We humans often ask a simple question of the events or subjects that confront us, "what does this mean?" Recently however, I have been challenged to ask of the world not, "what does this mean" but "what does this do/how does this function?" The idea to shift the question that I was asking originated from my theology prof on the question of tongues, but since then I have been exploring the implications of that question in art, and most recently, scripture reading.

So often we approach Scripture as though it were the object, and we, the subject acting upon it. This has led humanity down both the roads of fundamentalism and higher criticism. The driving force behind both of these movements was an inability to let Scripture act upon us; we had to tame the Scriptures, to understand them, to mine them for scientific knowledge. We treated Scripture as a dead text, something that pointed us towards God, but not a way in which we might actually encounter God.

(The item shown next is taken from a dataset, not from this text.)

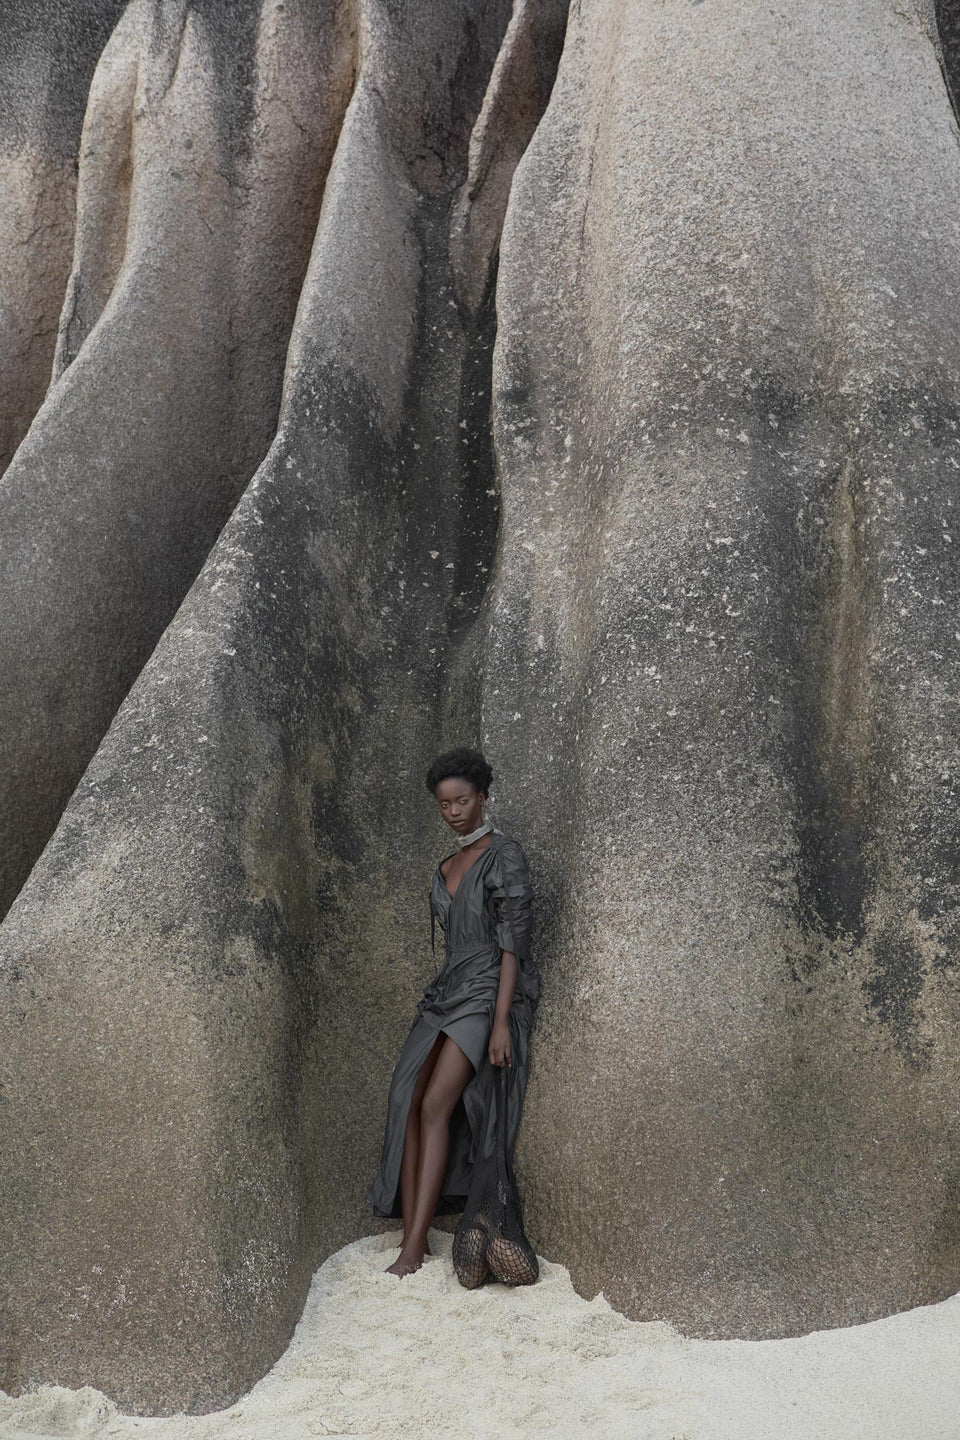 CARL KAPP SS2020 collection in Seychelles Six Senses Zil Pasyon | Praslin dress

The gospel of John refers to Jesus as being the Word, the Word become flesh in fact. The incarnation is that messy occasion where we are confronted by God and are forced to majorly deconstruct some of our ideas about the way the world is. An encounter with God shakes us in a way that leaves us forever changed. What would happen, if we read the Scriptures looking to actually encounter the living Word, not just learn about him? Try letting the text do something to you, allow it to transform you instead of obsessing over the insane question, "What does it all mean?" After a couple thousand years, we still don't really know, but we do know that Scripture does something to us, and that, I think, is something to cling to.